The Magical Parallels in Translation: An Interview with Kaitlin Rees, Translator from the Vietnamese

I wanted to visit Vietnam because I wanted to go to a place I hadn’t expected myself to go.

According to the University of Rochester’s Translation Database, since 2008, only nine Vietnamese original works of fiction and poetry have been published in the US in English translation. Translator Kaitlin Rees is working toward changing that. Since 2011, Rees has been back and forth between New York and Hanoi; she now works closely with poet Nhã Thuyên, with whom she founded AJAR, a small bilingual publishing press which hosts its own online journal and a poetry festival. Her translation of Nhã Thuyên book of poetry words breathe, creatures of elsewhere was published by Vagabond Press in 2016. The following year, she received the PEN/Heim Translation Grant. We recently spoke about her unconventional education, obsession with dictionaries, and intimate collaboration with Nhã Thuyên.

Suhasini Patni (SP): You’ve been alternating between Hanoi and New York since 2011. When did you first visit Vietnam? Did you visit because you knew you wanted to translate the national literature, or was it something you decided to do upon visiting? How did your relationship with the Vietnamese language first begin?

Kaitlin Rees (KR): I started learning Vietnamese when I first arrived in Vietnam, though I can’t say this was my intention before going. My relationship with the language really began out of friendship, love, and curiosity; I was quite ignorant of any possible career path at that time. Besides the practicality, it’s a politics too—being able to communicate in the language of where I lived. The strongest motivation to learn Vietnamese was the simple, personal wish to read the poets whom I met and admired, in particular, the poet Nhã Thuyên.

SP: Since you became interested in the Vietnamese language only after you met poets you admired, why did you decide to visit Vietnam in the first place?

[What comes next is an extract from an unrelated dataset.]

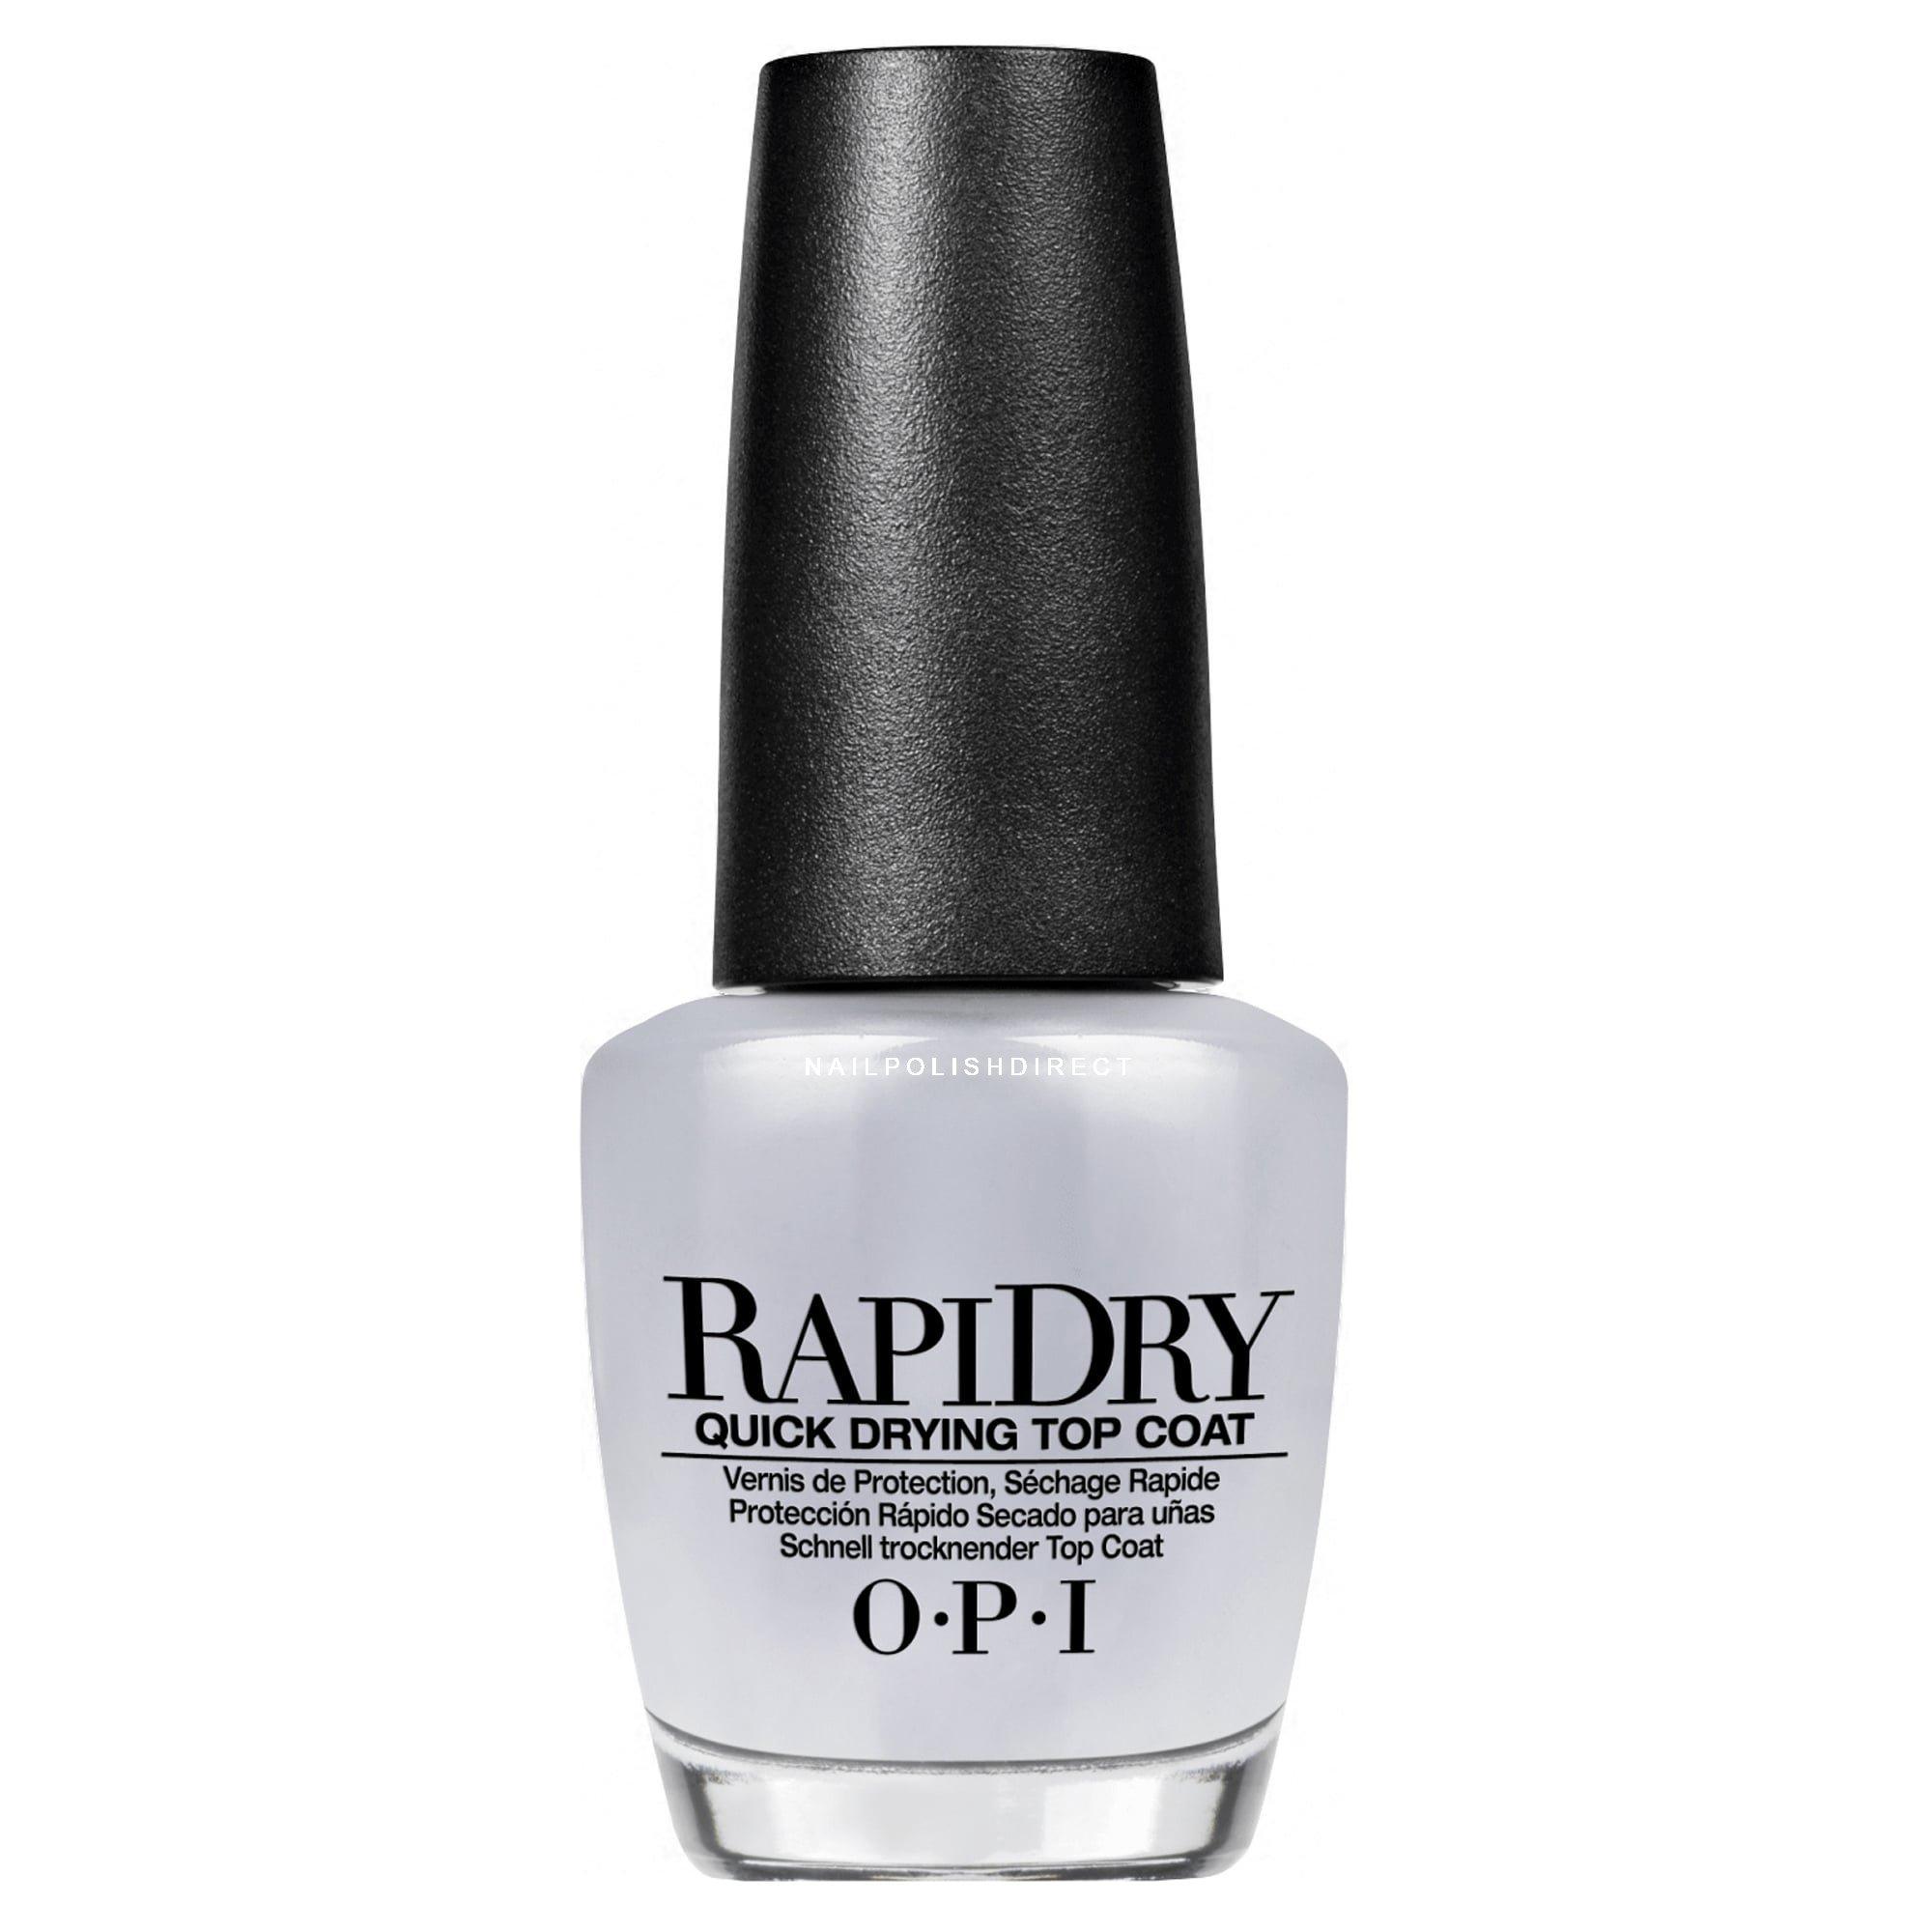 OPI Mini Treat RapiDry Top Coat - Quick-Dry Top Coat 3.75ml

KR: The “why” of deciding to visit Vietnam for the first time is strange for me to look back on; I have to transport myself to a different me to really remember what was going on in my head at the time of leaving New York. And I always feel like I’m making it up, like I’m inventing a biography of someone else that seems to make the most sense now, but never feels completely true.

The truth is perhaps that I will never know exactly why I went; it wasn’t with any kind of job or fellowship. But I think I can say that I wanted to visit Vietnam because I wanted to go to a place I hadn’t expected myself to go. I had only been introduced to the country in the context of its most recent war with America, and I wanted to complicate that narrative, I wanted to complicate myself, to be far away from whatever I felt comfortable with. There is so much privilege wrapped up in my story of travel—people spend years of their lives attempting to cross some borders and yet, as a white American passport holder, I could just decide on a place and go. I had told myself I’d stay for one year, but learning the language, meeting friends I was starting to really love, feeling curious and challenged every single morning—these things kept me there.

SP: What was it like learning Vietnamese? Was the Vietnamese language something you had encountered growing up in New York? Or was learning Vietnamese an alien experience?

KR: The process of learning Vietnamese was inseparable from what became my translation practice. My tutor, cô Nhạn, is an incredible woman who was eighty-three years old at the time we met. She taught Vietnamese, English, and French to a range of students from her tiny apartment in the middle of the jam-packed Old Quarter of Hanoi. She was a perfect teacher for me—I would bring her literary texts that I wanted to read and together we slowly worked our way through them. When I started translating, it was because I wanted to read Nhã Thuyên’s poetry specifically. The poems are not exactly easy, but cô Nhạn would sit with me and read word by word, through these long winding Proustian lines. With endless conversations, constant dictionary consultation, and the self-guided practice of using my burgeoning “poetic” vocabulary as much as possible at the market, I started to learn the language. Ultimately, translation was simply the only way for me to read who I loved. I consider how my approach might be backwards, in that I am learning the language through translation, rather than translating after mastering the language. But I also question if one can really be a master of Vietnamese, or any language really.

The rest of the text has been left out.